The Five Permanent Members of the UN Security Council

Security Council meeting in New York.  Editorial credit: Golden Brown /
Security Council meeting in New York. Editorial credit: Golden Brown /

The United Nations is the largest intergovernmental organization in the world with 193 members. It was founded on October 4, 1945, by fifty-one members. Fifty of the members signed the United Nations Charter on June 26, 1945, during the United Nations Conference on International Organization in San Francisco, US. Poland ratified the charter on 15 October 1945. Forty-nine of the original states are still members; the Russian Federation took over the membership of the Soviet Union after dissolution while Yugoslavia and Czechoslovakia were dissolved. The Security Council is one of the six principal organs of the United Nations that also includes the General Assembly, Economic and Social Council, the Trusteeship Council, International Court of Justice, and the Secretariat. The primary responsibility of the Security Council is to maintain international peace by fostering relations among nations. Members of the UN are required to accept and enforce the decisions of the council. The Security Council consists of fifteen members: five permanent and ten non-permanent.

Organization of the Security Council

Each member is entitled to a single vote, but the United Nations Charter require all member states to comply with the decisions made by the council. Permanent members of the UN are the United States, China, Russia, France, and the United Kingdom. Non-permanent members are elected by the General Assembly to serve a two-year term. About sixty member states have never been members of the Security Council. Non-members may participate in the discussions of the council if they are affected by the outcome but cannot cast a vote.

The Presidency of the Security Council rotates among the permanent and non-permanent members based on the alphabetical order in English. Each state elects a permanent representative who acts as the president when it is the country's turn. If a higher authority from the state such as the foreign minister, prime minister or president is present in the council, then he assumes the presidency.

Permanent Members of the Security Council

The permanent members (P5) of the Security Council are the five countries granted permanent membership by the UN Charter of 1945. They are China, France, the United States, the United Kingdom, and Russia. These countries were allies during the Second World War and are nuclear capable. Any of the five permanent members can veto a resolution to prevent its adoption by the council regardless of the level of support. Proposals to increase the members of the council by admitting Japan, India, Germany, and Brazil have been opposed by regional powers including India, Argentina, South Korea, Mexico, and Colombia.

5. United States

The United States emerged as a superpower after the Second World War. It was the first nation to develop the atomic bomb, its military might was unchallenged, and its economy was much better than the rest of the world.

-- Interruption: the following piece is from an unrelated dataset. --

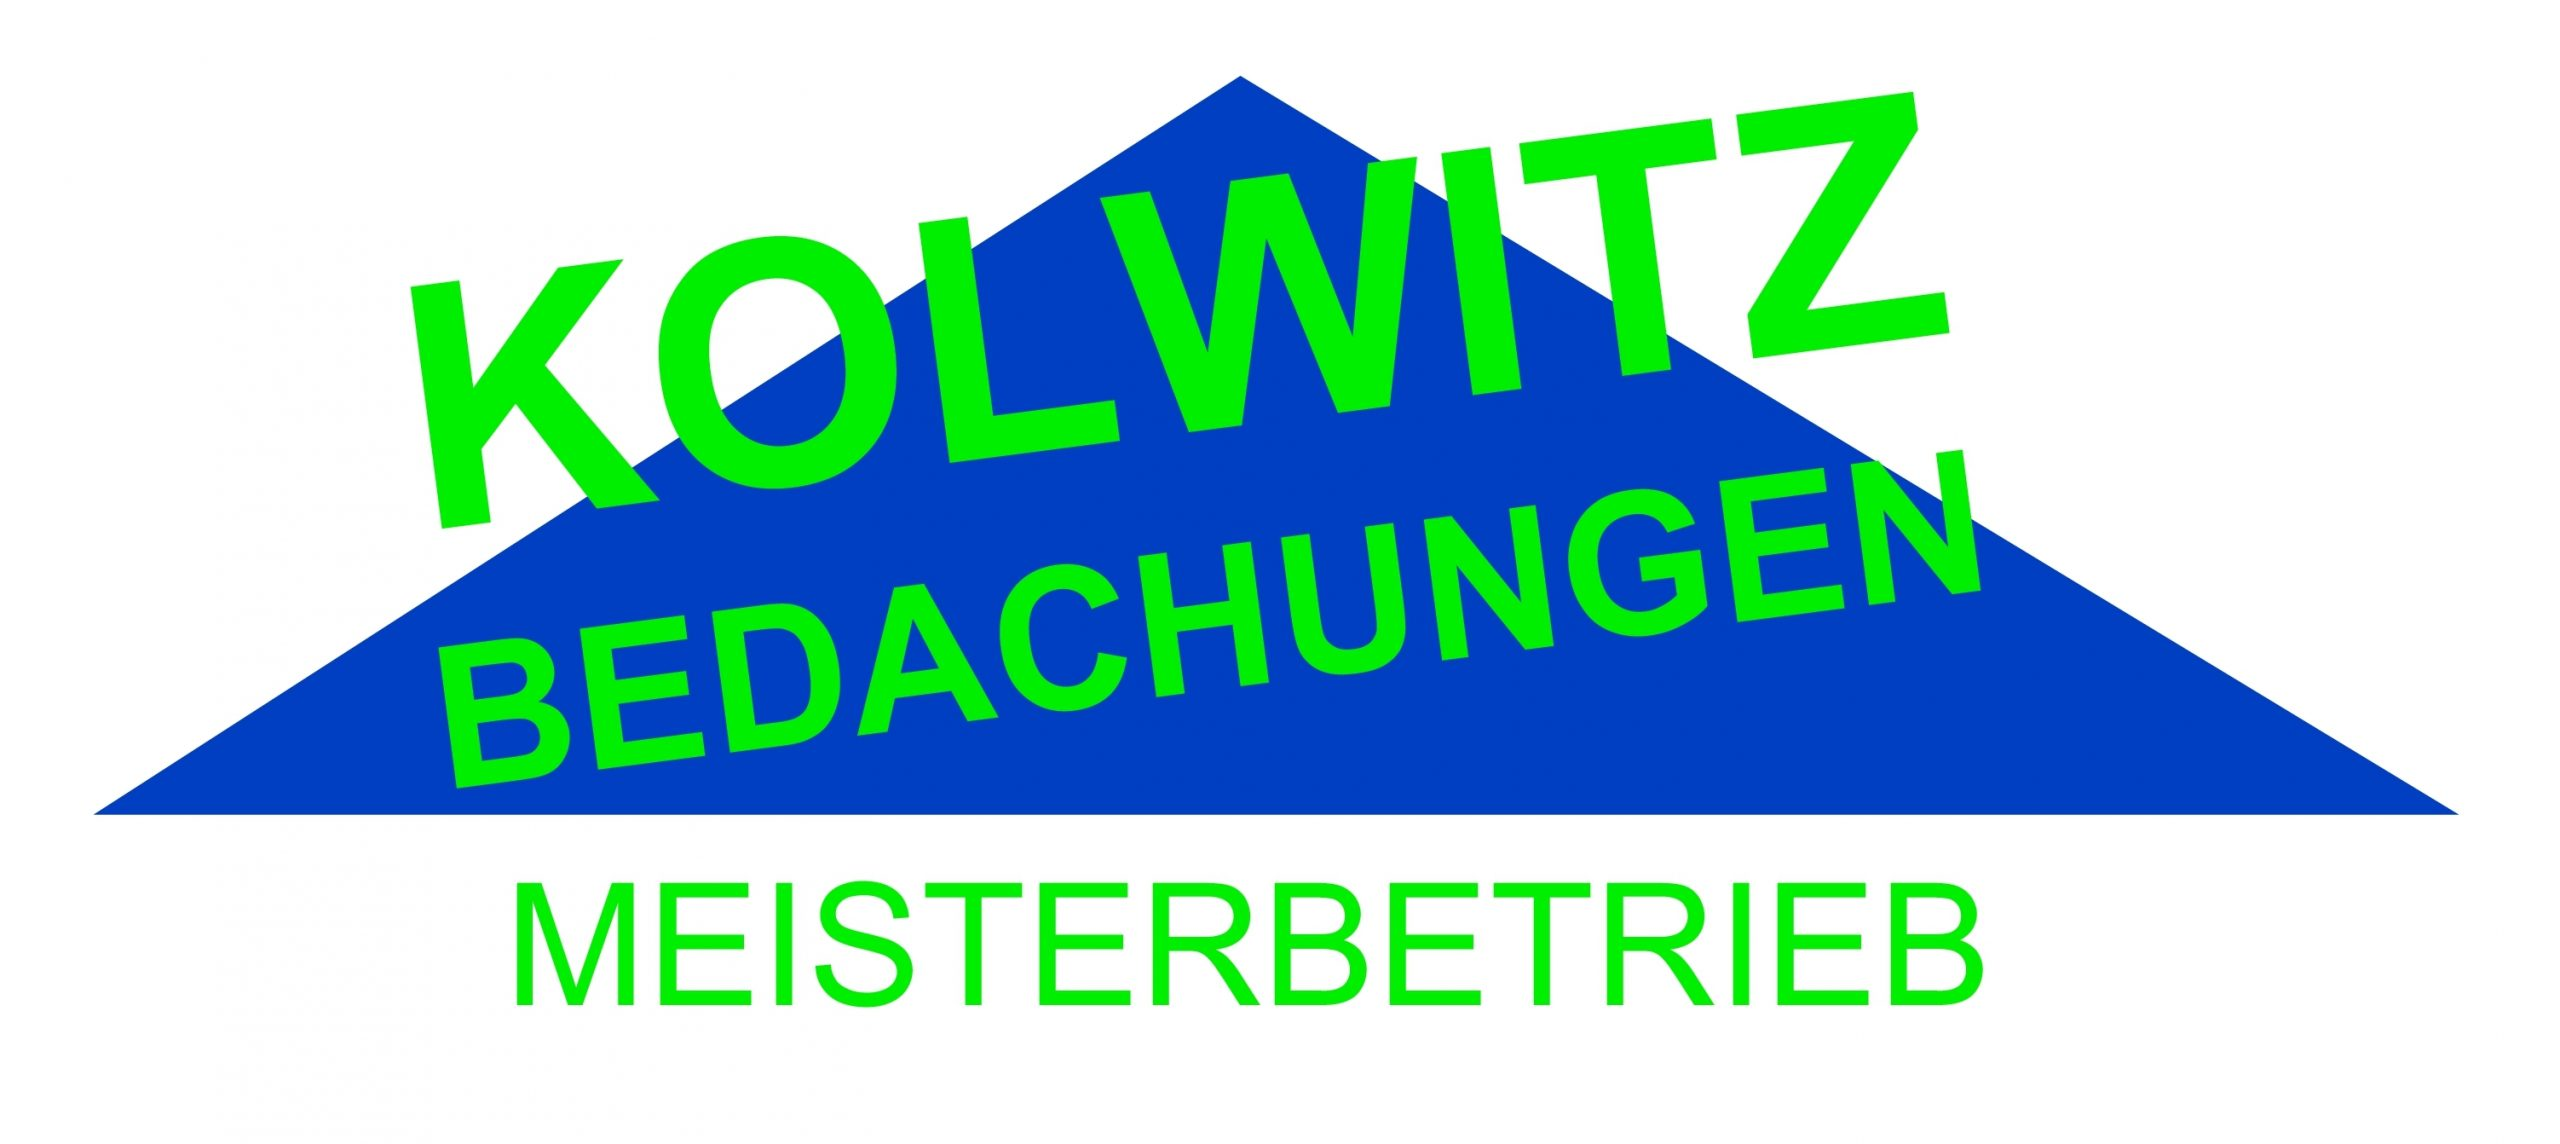 Bedachungen Kolwitz

The state advocated for the formation of the United Nations after the collapse of the League of Nations. It hosts the United Nations Headquarters, the General Assembly, and the Security Council.

4. United Kingdom

The United Kingdom is also Charter members of UN. It was a vital member of the Allied Forces during the Second World War and a powerful European state. It is the closest ally of the United States and the fifth largest contributor to the UN budget. It is also a nuclear-capable country and the fifth largest economy in the world. The United Kingdom barely flexes its veto power; the last resolution vetted by the state was the US invasion of Panama on December 23, 1989.

3. Russia

Russia is a charter member of the UN and a superpower. It was a member of the Allied Forces during the Second World War. It is a nuclear-capable state that is politically and economically stable. Russia is the largest country in the world with a territory extending across Europe and Asia. After WWII, the United States and Russia engaged in cold and proxy wars that strained the relations between the two countries. Today, Russia exercises veto privileges rights against American proposals than any other state.

2. France

France is a charter member of the United Nations and a close ally of the United States and the United Kingdom. It was a member of the Allied Forces during the signing of the chatter and remains a vital member of the North Atlantic Treaty Organization. France, just like the United Kingdom and China, does not flex its veto power frequently unlike the United States and Russia. The last resolution vetoed by France was on December 23, 1989.

1. China

China is a charter member of the United Nations. The Republic of China initially held the seat, but the nationalist government was overthrown by the Communist Party and forced to the island of Taiwan. In 1971, the General Assembly recognized the communist government as the sole representative of China and expelled the Republic of China altogether. China played a crucial role during the Second World War defeat of Japan, and the United States sought to foster relations by advocating for the inclusion of the state as a permanent member.